== Data segment ==

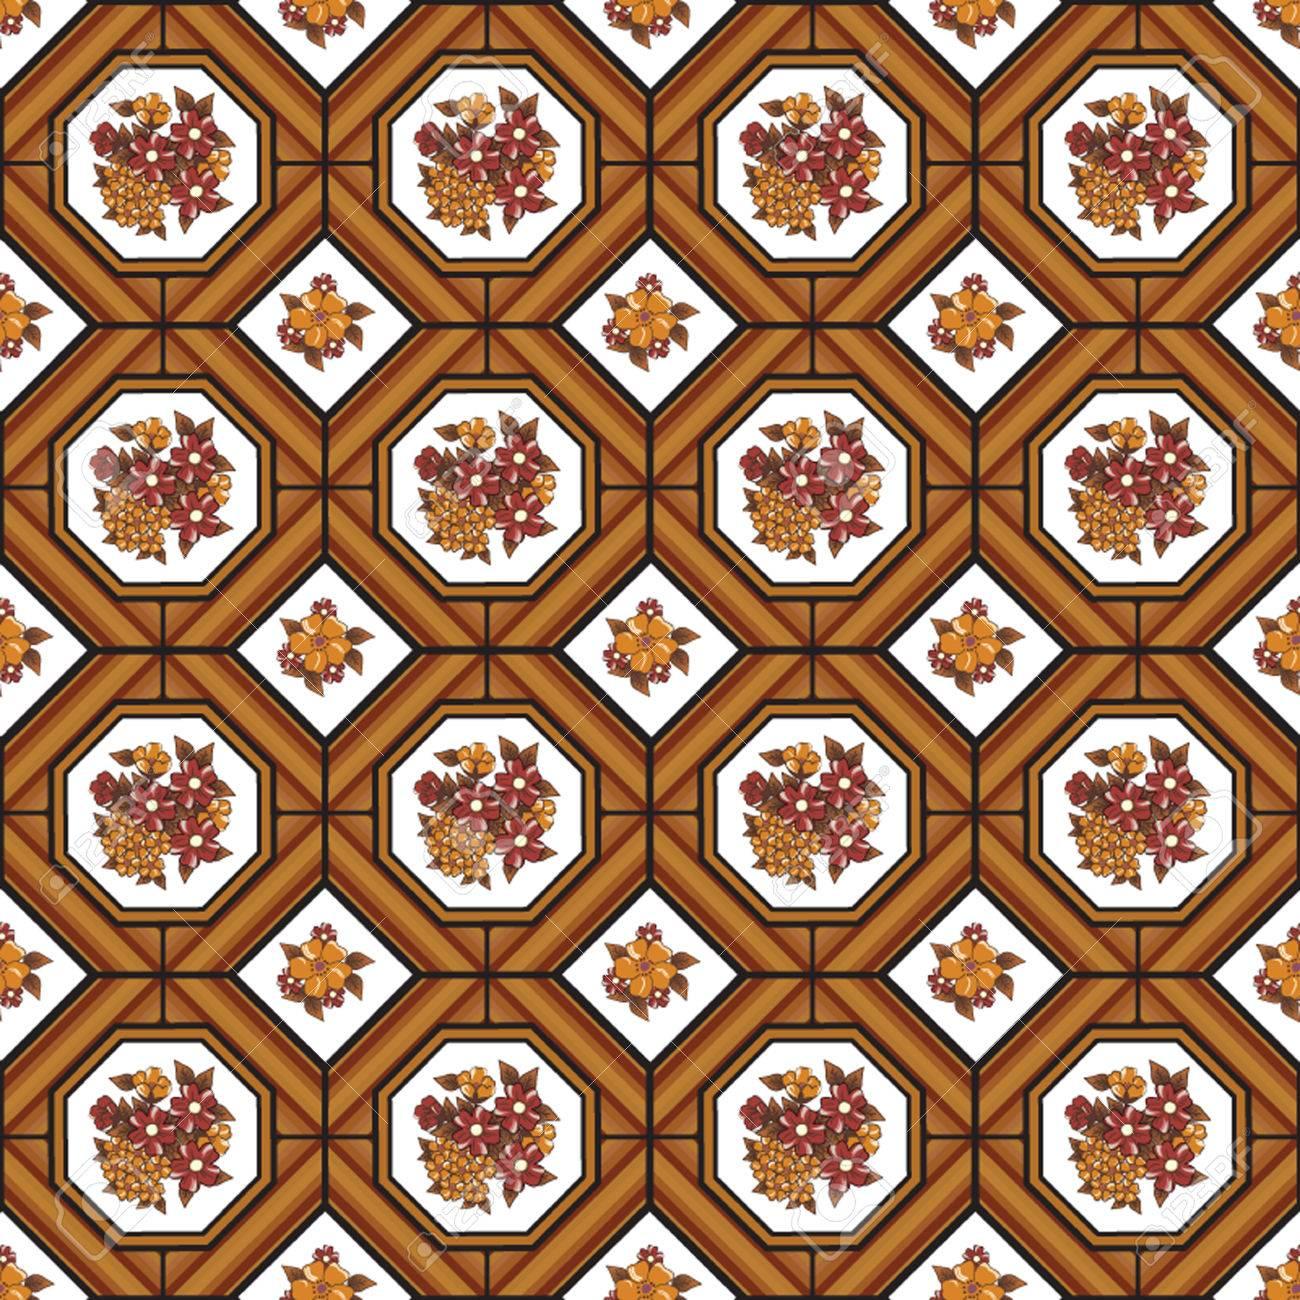 Linoleumboden muster  Wohnzimmerz: Linoleumboden Muster With Tilo Linoleum Fertigboden ...
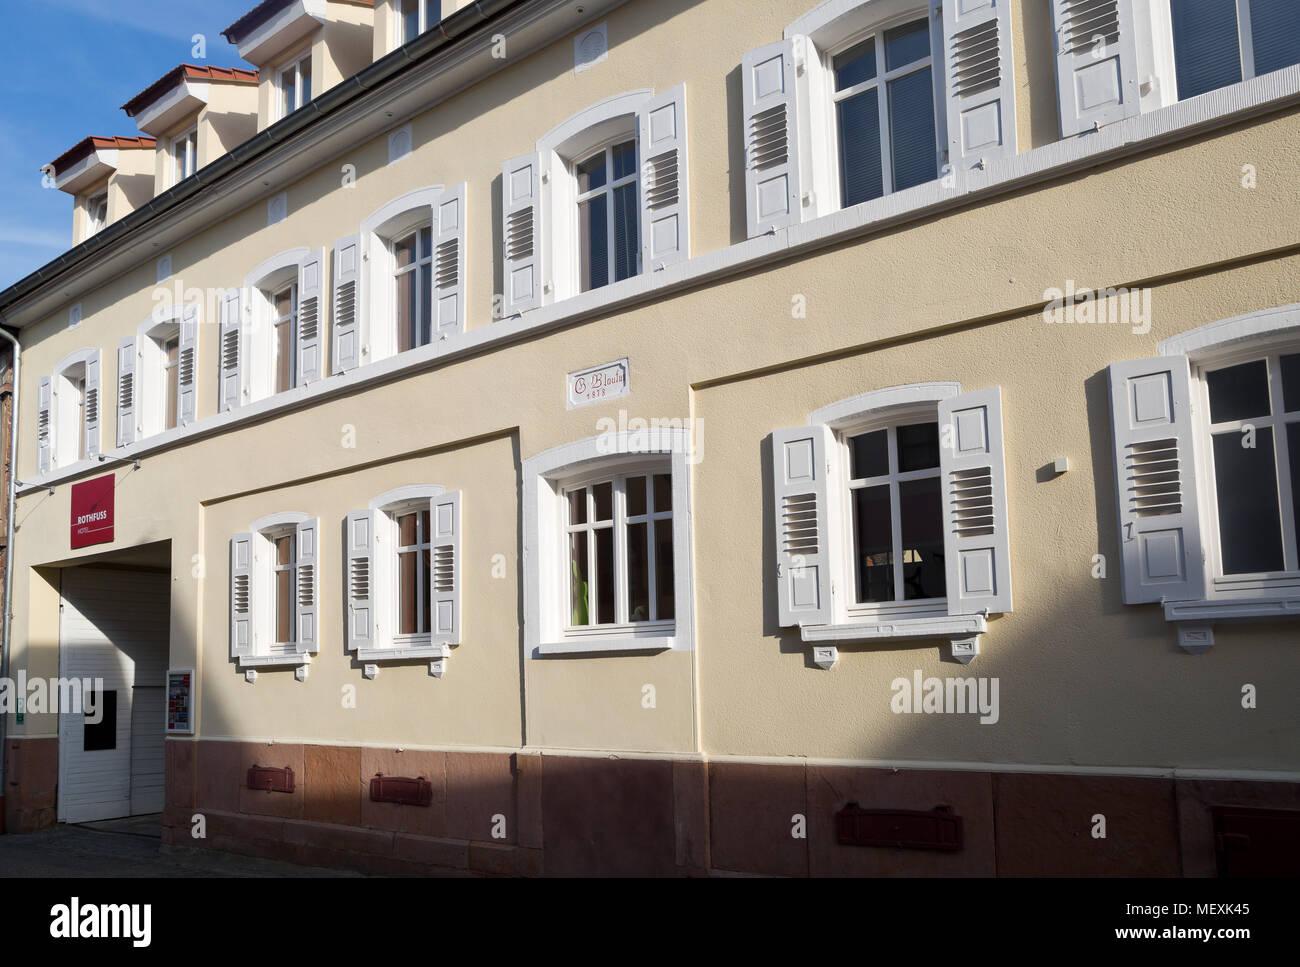 Hotel Rothfuss in Weisenheim am Berg, Rheinland-Pfalz, Germany, Europe - Stock Image
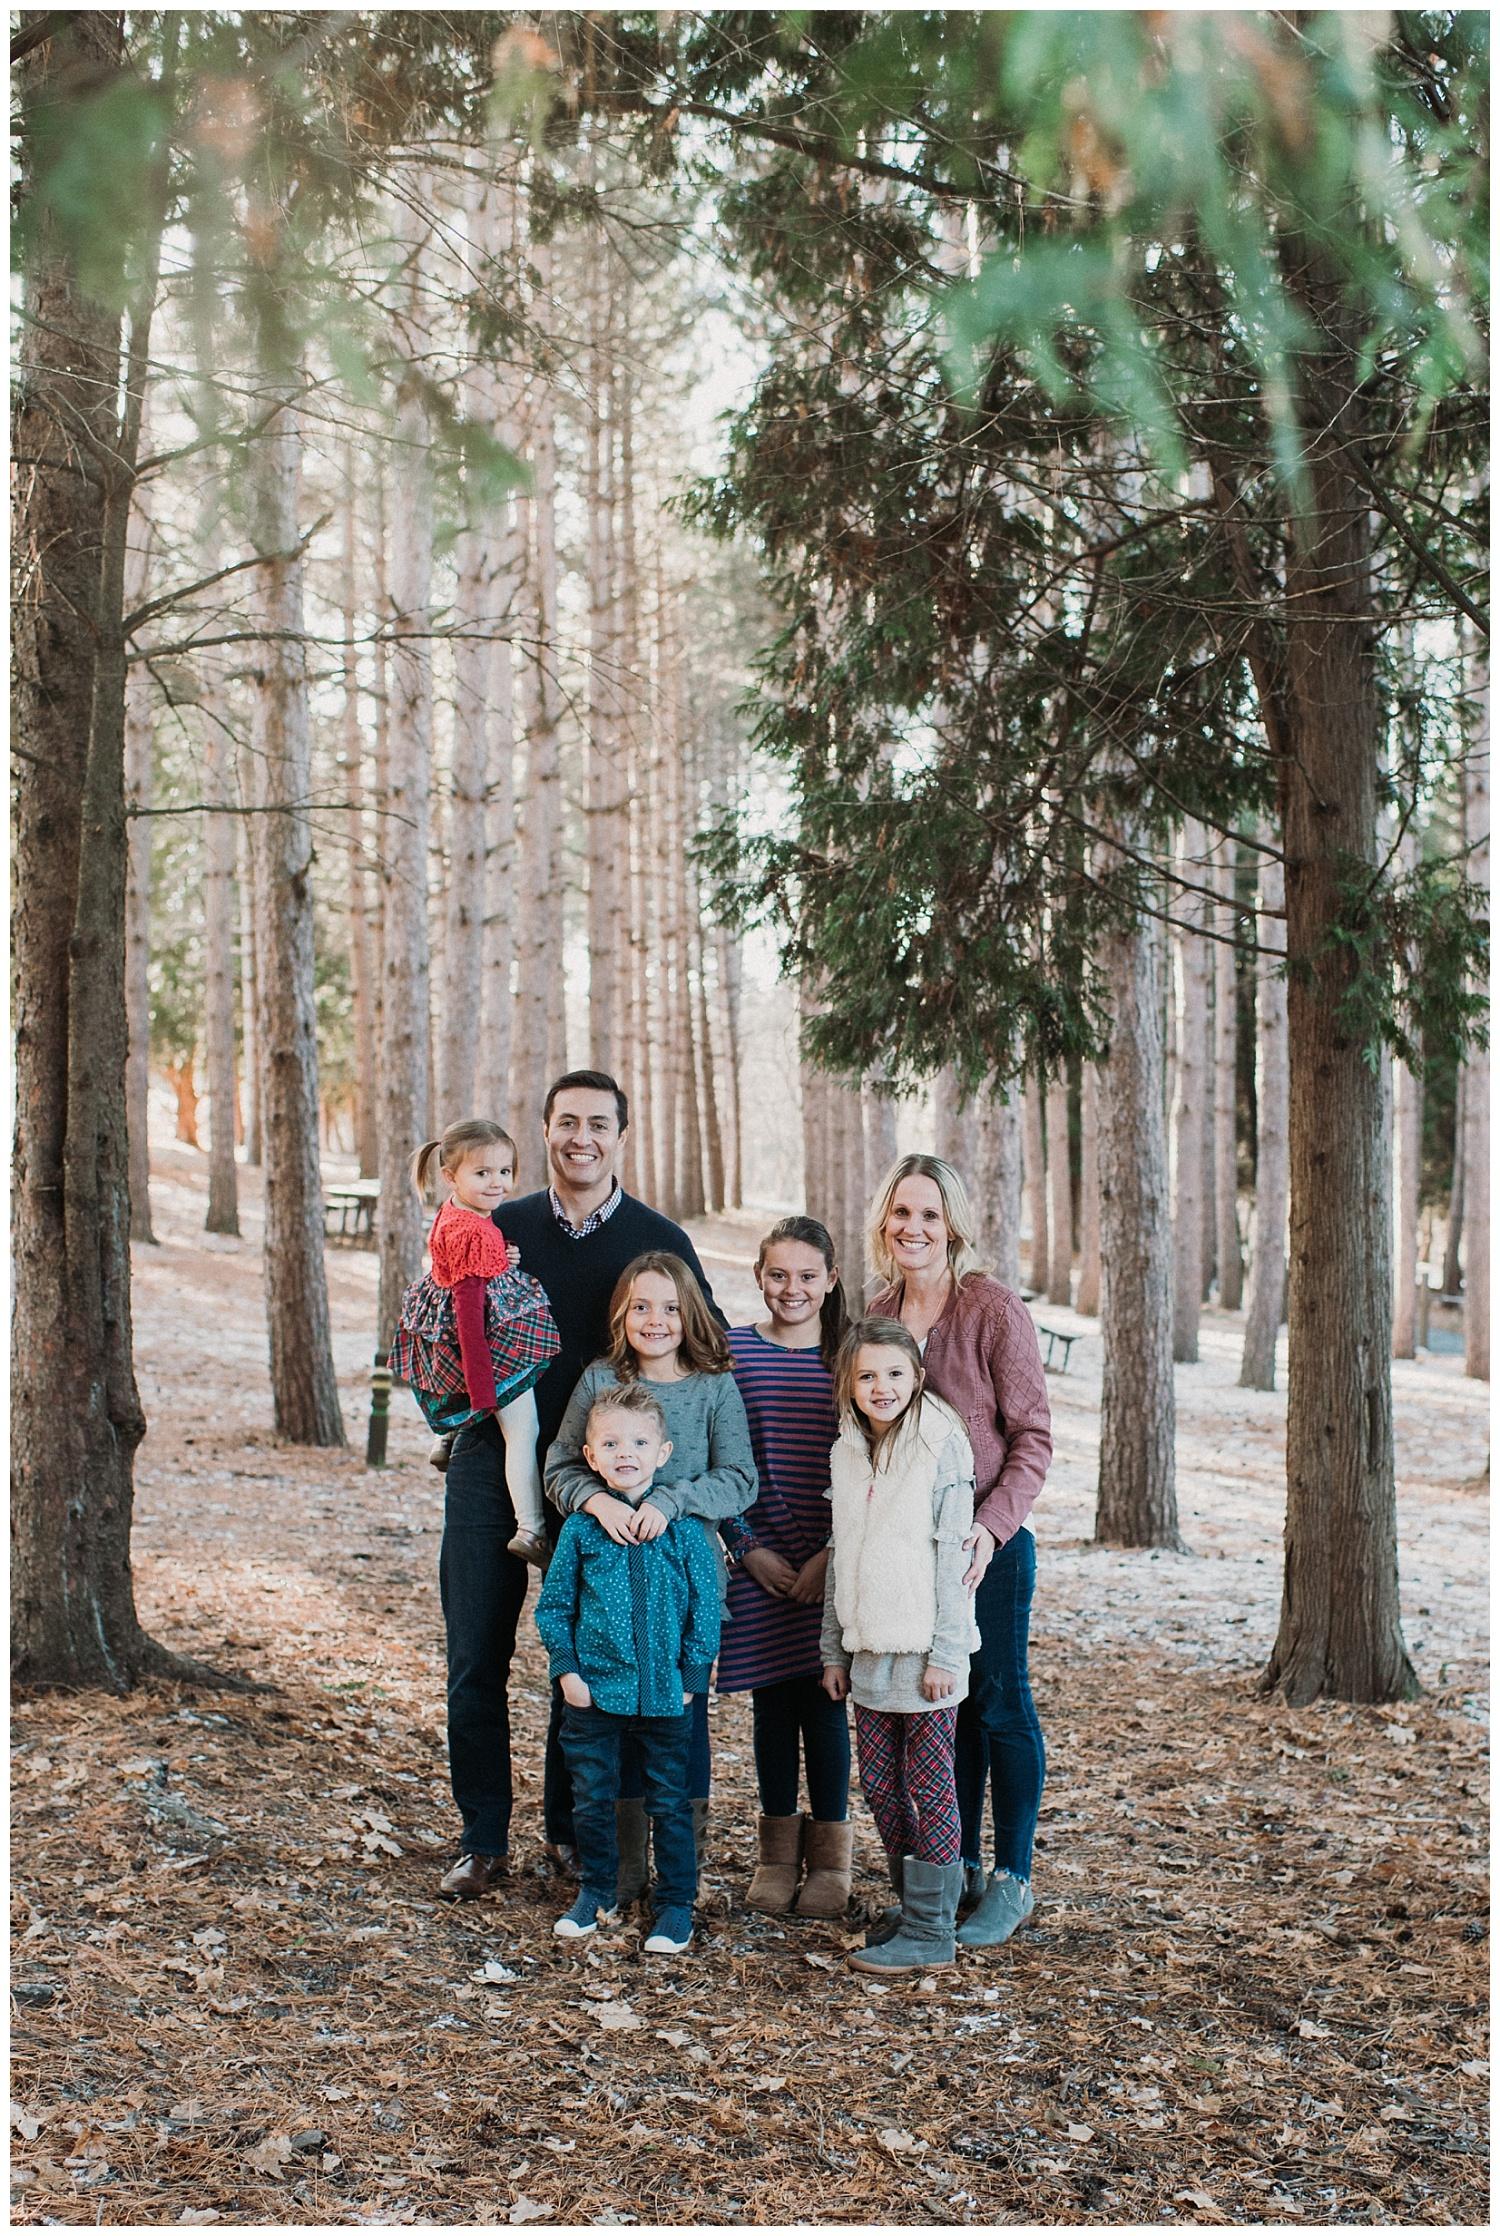 Pewaukee-family-photographer-2019 (10).jpg

===

> _Task goal_
Copy out the data above to the letter, and keep every picture out of it.

> _Response to this task_
 Linoleumboden muster  Wohnzimmerz: Linoleumboden Muster With Tilo Linoleum Fertigboden ...
 Hotel Rothfuss in Weisenheim am Berg, Rheinland-Pfalz, Germany, Europe - Stock Image
 Pewaukee-family-photographer-2019 (10).jpg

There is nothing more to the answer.